Electronic Materials with Wide Band Gap: Recent Developments

TL;DR

This paper reviews the development of wide band gap semiconductor materials, highlighting recent advances in nitrides and oxides for optical and electronic applications, and discusses ongoing challenges in material stability and conductivity.

Contribution

It provides a comprehensive overview of recent developments in wide band gap materials, emphasizing new materials like GaN, AlN, ZnO, and Ga2O3, and addresses current challenges in their application.

Findings

Wide band gap semiconductors enable ultraviolet and blue light emission.

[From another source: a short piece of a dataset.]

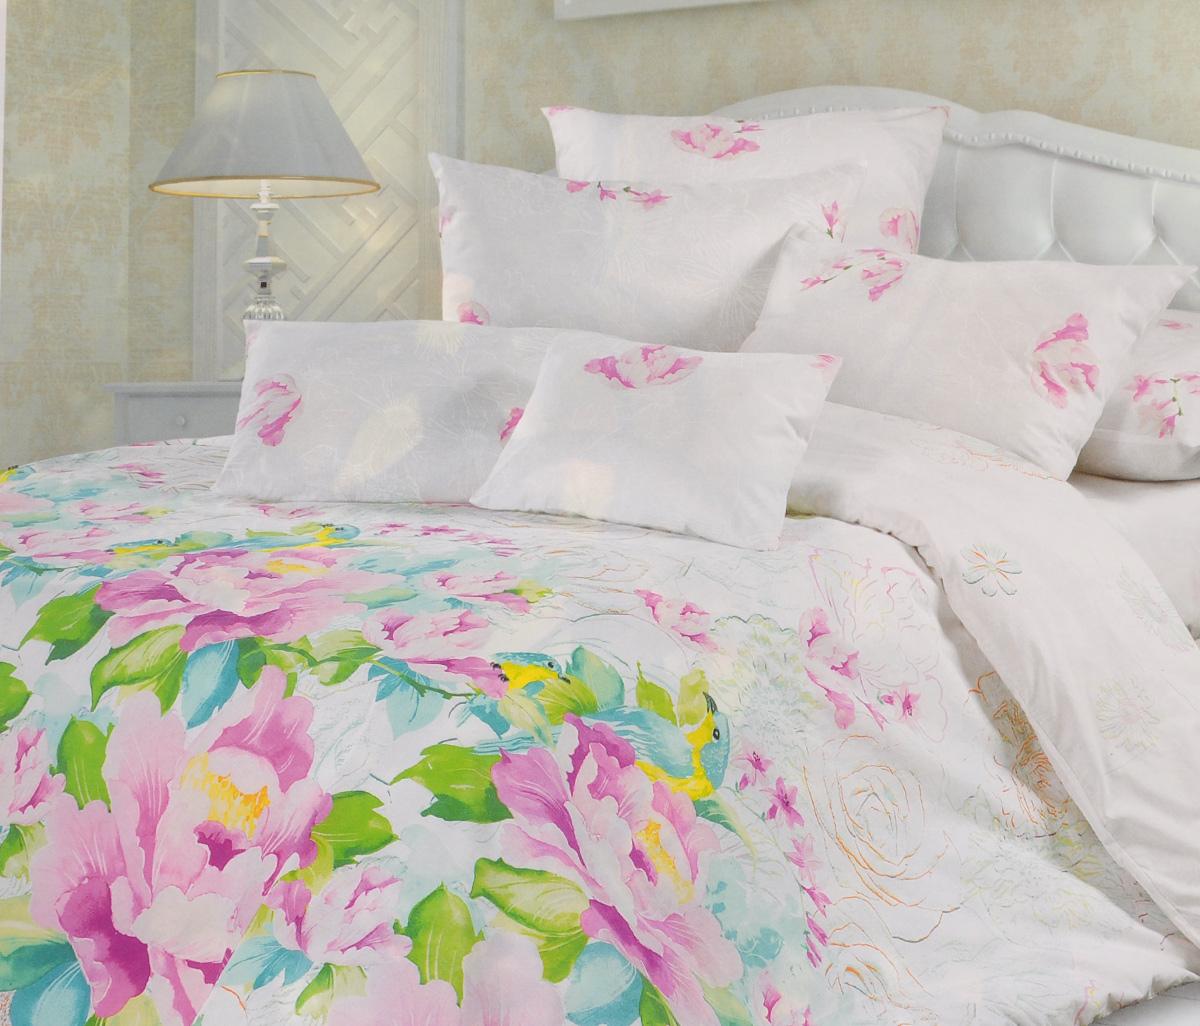 Комплект белья Унисон Парадиз, 2-спальный, наволочки 70х70, цвет: белый, розовый, зеленыйCLP446Комплект постельного белья Унисон Парадиз состоит из пододеяльника, простыни и двух наволочек. Постельное белье оформлено оригинальным ярким изображением цветов. Такой дизайн придется по душе каждому.Белье изготовлено из новой ткани Биоматин, отвечающей всем необходимым нормативным стандартам. Биоматин - это тканьполотняного переплетения, из экологически чистого и натурального 100% хлопка. Неоспоримым плюсом белья из такой ткани является мягкостьи легкость, она прекрасно пропускает воздух, приятна на ощупь и за ней легко ухаживать. При соблюдении рекомендаций по уходу, это белье выдерживает много стирок, не линяети не теряет свою первоначальную прочность. Уникальная ткань обеспечивает легкую глажку.Приобретая комплект постельного белья Унисон Парадиз, вы можете быть уверены в том, что покупка доставит вам ивашим близким удовольствие и подарит максимальный комфорт.

Nitrides like GaN and AlN are key for optical applications.

Oxide semiconductors face challenges in stable p-type conductivity.

Abstract

The development of semiconductor electronics is shortly reviewed, beginning with the development of germanium devices (band gap $E_g=0.66$ eV) after world war II. Quickly a tendency to alternative materials with wider band gap became apparent, starting with silicon ($E_g=1.12$ eV). This improved the signal/noise ratio for classical electronic applications. Both semiconductors have tetrahedral coordination, and by isoelectronic alternative replacement of Ge or Si with carbon or several anions and cations other semiconductors with wider $E_g$ are obtained, that are transparent for visible light and belong to the group of wide band gap semiconductors. Nowadays some nitrides, especially GaN and AlN, are the most important materials for optical emission in the ultraviolet and blue spectral region. Oxide crystals, such as ZnO and $\beta$-Ga$_2$O$_3$, offer similarly good electronic properties but suffer still from significant difficulties in obtaining stable and technically sufficient $p$-type conductivity.